For every grouping of (office_type_id, state_id, district_id, office_class)

find the term_end of the term, preceding another term (with same above group), as well as the term_begin of the succeeding term.

This will = the date range for which no records are logged

Every data chunk, has the same state as the other rows in the chunk, differentiated by office class

first chunk, has no gaps, and no overlaps (dates are for office class 1)

2001-01-03 -> 2007-01-03
2007-01-04 -> 2013-01-02
2013-01-03 -> NULL

Second Chunk, has no gaps, but has overlaps (dates are for office class 1)

2003-01-03 -> 2009-01-05
2007-01-04 -> 2013-01-02 (overlaps with above)
2013-01-03 -> NULL

Third Chunk, has gap (office class 2)

2003-01-03 -> 2009-01-05
2015-01-06 -> Null)

gap = 2009-01-05 -> 2015-01-06

This database grows forward. District_id can be null, but the otehr values can not be (state_id, office_type_id, office_class)

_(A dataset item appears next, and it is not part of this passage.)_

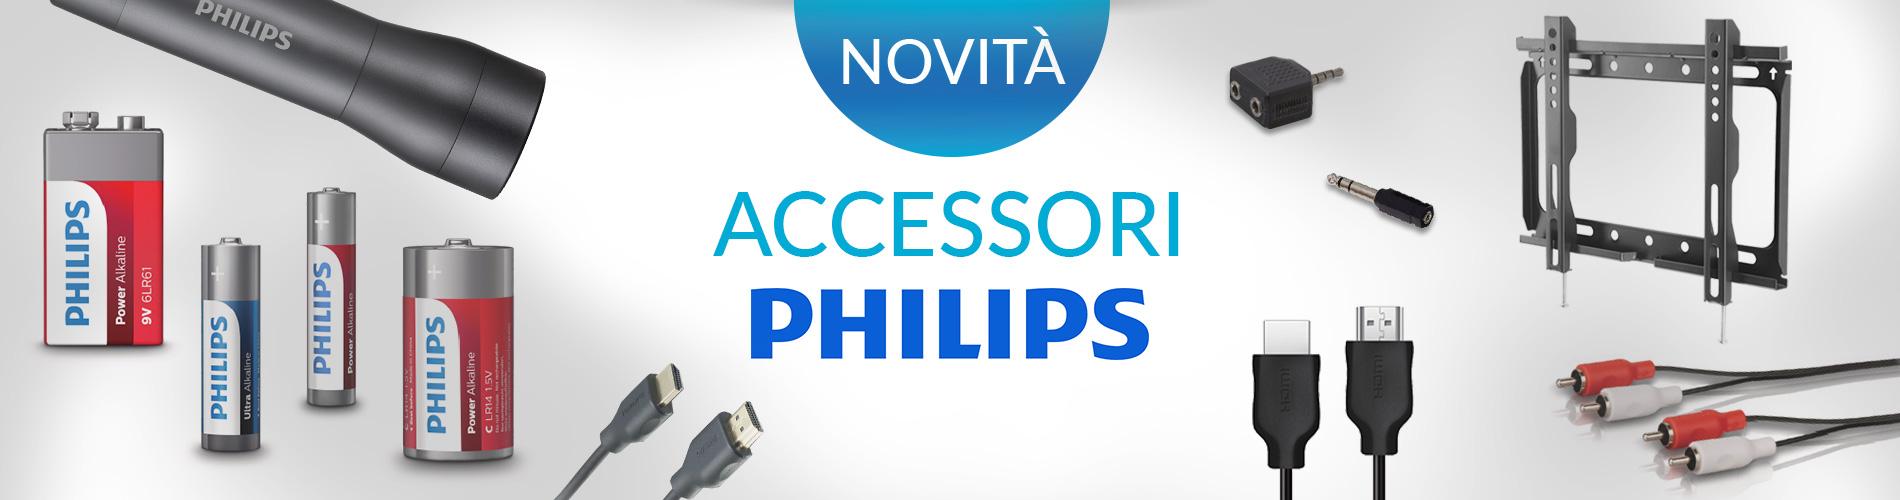 accessori philips

My attempts have largely been failing. A fiddle is created here

http://sqlfiddle.com/#!9/d3d19/22

I am first trying to merge the overlaps, and (add 1 day to term_end to make all regular 1 day gaps ignored).

This does not work. You see for state_id = 2 and office_class – 1, there are two rows.

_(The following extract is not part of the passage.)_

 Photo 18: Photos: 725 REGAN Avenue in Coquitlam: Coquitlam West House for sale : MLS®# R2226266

I would imagine this should merge as 2001-01-03 -> Null

The merge is just the first step of the process I am trying to accomplish.

I am trying to find date ranges for which the office_type,
office_class, state, district
does not have term data

I am at a complete loss for this. I have been trying for a week now. I have a variety of other versions of queries to post as well if requested.

EXPECTED OUTPUT

[office_type_id ] [ state_id ] [district_id] [office_class] [FROM] [TO]

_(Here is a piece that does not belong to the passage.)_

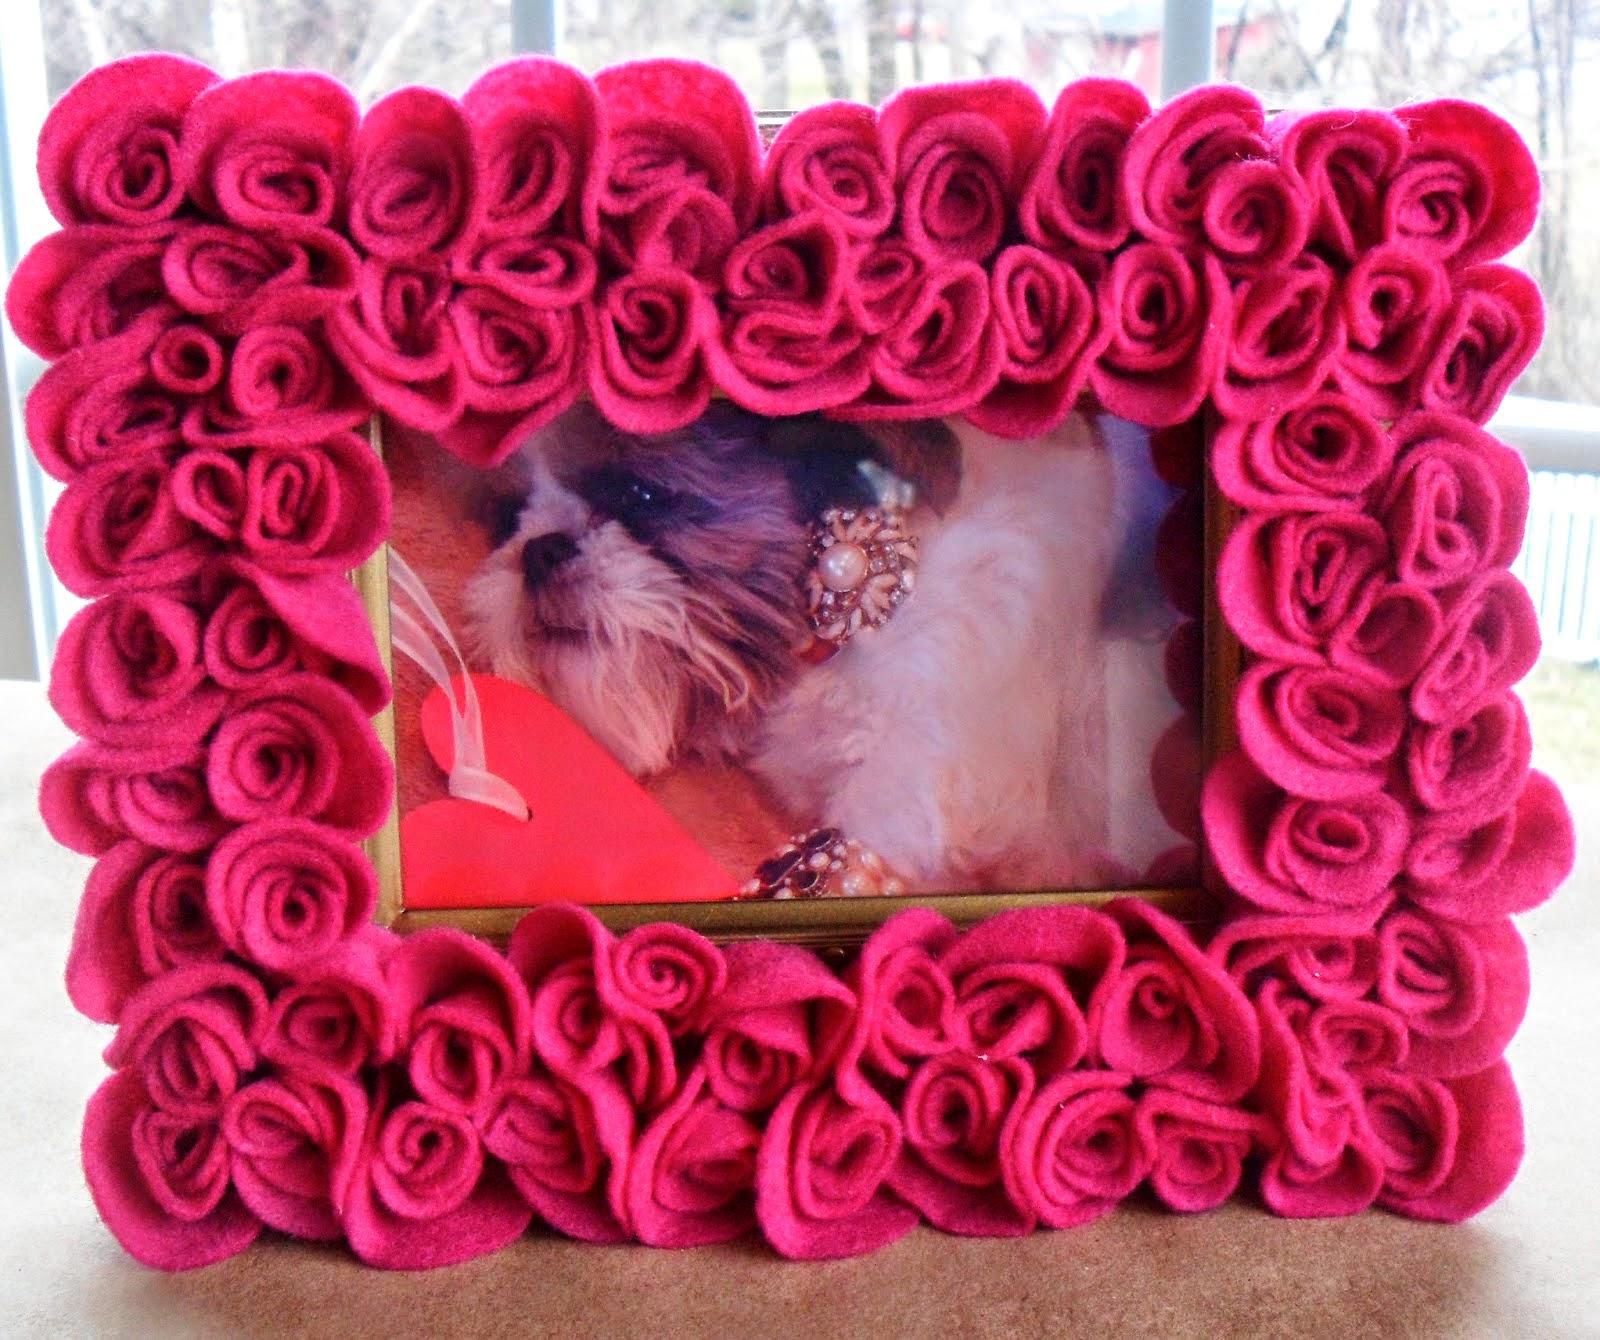 lindas e coloridas flores de feltro

1                    24            NULL      2     '2009-01-05'  '2015-01-06'

The above means, that no a term exists from … -> '2009-01-05'. and from '2015-01-06' -> …. but no term exists between the two.

Best Answer

If overlaps are only partial, (i.e., a range may partially overlap another, but no range is a subset of another range), I think the following query will do what you want:

SELECT t1.office_type_id, t1.state_id, t1.district_id, t1.office_class,
        t1.term_end, MIN(t2.term_begin) next_begin
FROM terms t1 JOIN terms t2  
  ON t1.office_type_id=t2.office_type_id AND 
     t1.state_id=t2.state_id AND 
     (t1.district_id=t2.district_id OR 
       (t1.district_id IS NULL AND t2.district_id IS NULL)) AND 
     t1.office_class=t2.office_class 
WHERE t1.term_begin < t2.term_begin 
GROUP BY t1.office_type_id, t1.state_id, t1.district_id, t1.office_class, 
         t1.term_end 
HAVING t1.term_end < next_begin - INTERVAL 1 DAY;

If ranges may fully overlap, I suggest to create a view that removes such subranges:

CREATE VIEW terms1 AS
SELECT DISTINCT * FROM terms t3 
WHERE (office_type_id, state_id, office_class) NOT IN
     (SELECT office_type_id, state_id, office_class FROM terms t4 
      WHERE ((t4.term_begin < t3.term_begin AND t3.term_end <=t4.term_end) OR 
             (t4.term_begin = t3.term_begin AND t3.term_end < t4.term_end)) 
        AND (t3.district_id = t4.district_id OR 
             (t3.district_id IS NULL and t4.district_id IS NULL)));

Then you can use this view instead of the table in the query above.

(And life would have been a bit simpler if you had picked some other value than NULL for the default district_id).